3.1 Data Definition Phase

We started by profiling the data. Figure 2 shows the profile of data like Record count, Pattern information and Distribution chart using Aggregate profiler tool. We defined the data nomenclature and entity identification by doing semantic validation using tools Fuzzy logic based similarity check, standardization and Case formatting feature. The following entities were identified: Students, Teachers, Grade, Teacher’s calendar, Time, Student home pin code, School’s pin code.

Figure 2 Data Profile

3.2 Data Capture Phase
During data capture phase we used Aggregate Profiler tool’s Mysql JDBC connectors to get Student data. Teacher calendar data was imported from spreadsheet using Import file option using First row column name option. From the captured data we identified relevant Entity Attributes to be captured and discarded. Validation of data sources was done for authenticity of data.

3.3 Data Validation and Formatting Phase
Most of data cleaning was done during this phase. We decided to use the tool feature to provide database comparison. Also we defined the range rules to find outliners like too large distance or students in hostels. Timeliness of data was used to weed out old and stale data like teacher’s calendar.

Figure 3 Validation and Formatting Mechanisms

3.4 Data Movement and Sharing Phase
During this phase each department was treated as separate domains. Data that was shared across department boundary like student identification was also identified. Similarly reference data attributes that can change was identifed during this phase and migration plan were put in place. For e.g. student can change residence during or between the sessions.
Record linking was done using fuzzy logic based similarity check (Figure 3) we massaged demographic data to provide uniform data – like locations “Electronic City” and “ECity” where mapped to same location/ Also Name Correlation was done using same logic – Carol and Carole were mapped to same teacher.

3.5 Data Modeling and Storage Phase
After cleaning the data and applying various filtering, validation and formatting rules, relevant data pertaining to student and school demographics, student grade and teachers schedule calendar was stored in relevant demograhic tables in Mysql database.

Student Entiry

Student Entiry

Figure 4 Student Entity Data

3.6 Data Archival Phase
We did not archive any information

3.7 Data Retrieval Phase
During this phase we provided Data access layer using Aggregate profiler’s JDBC connectors Figure 5. Tools provide connector to several RDBMS and Hadoop Hive. We have stored out data in mysql so we used mysql connector. If dataset is very large (Volume, Variety and Velocity) Hive can be used. RDBMS was faster than big data.
Figure 5 Data Connectors

3.8 Data Presentation Phase
During this phase we did data analysis to determine correlation between the data. Figure 6 shows the bar chart of Average grade of student as a function of commuting distance

Figure 6 Average Student Grade vs. Distance

4. Results
Applying the data management framework we found a strong correlation between commuting distance and student grades Figure 6. However there was a weak correlation between teacher’s load and student grades Figure 7.

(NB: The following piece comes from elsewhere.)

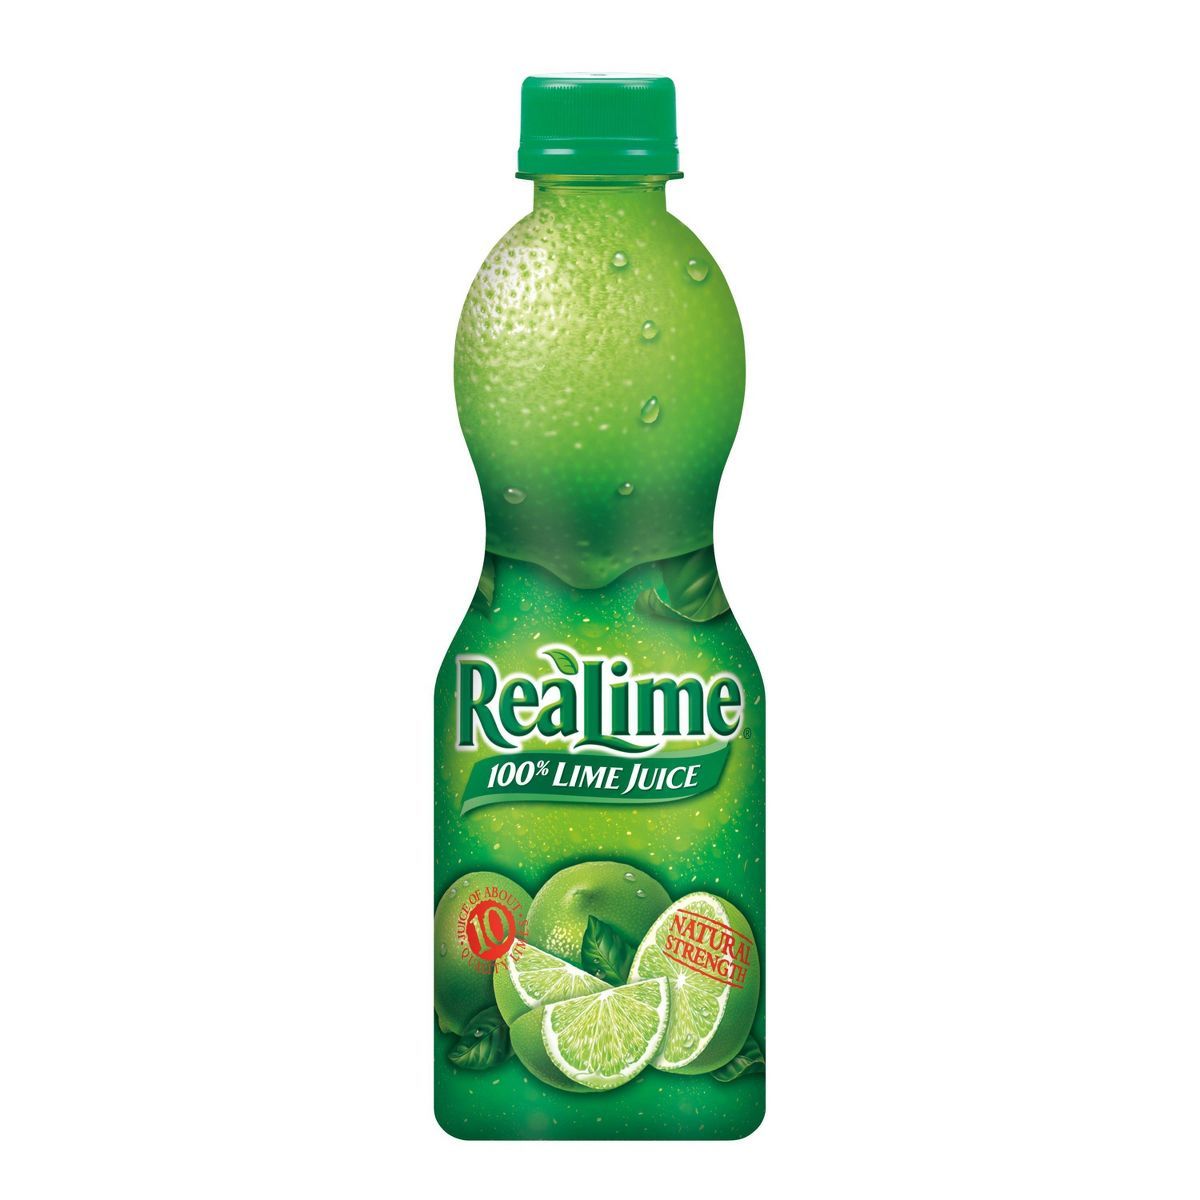 ReaLime 100% Lime Juice - 15 fl oz Bottle | Target

Figure 7 Average Grades vs. Teaching Hours
5. Conclusion
The strong correlation between commuting distance and student grade can be explained due to student fatigue factor and amount of time Indian parents get to teach the students at home.
However in Average Grade vs. Teaching hours spend by teachers a lot of other factors like subject taught and skill level of teachers also comes into play.
The data management framework and Aggregate Profiler Data Quality tool allows the data quality to be applied across multiple domains for cleaning, analysing and presenting data across different domains. It can be used by education institutions to do meaningful analysis of data by focusing on subset of data and identify area of improvents.

[1] Singh, Vivek. K. 2012. Integrated Data Quality along Data Life Cycle. SiliconIndia (
[2] Gibson, Neal and Talburt, John 2012. Hive: Crowdsourcing education data. In Journal of Computing Sciences in Colleges Volume 25 Issue 5 (May 2010), 72-78.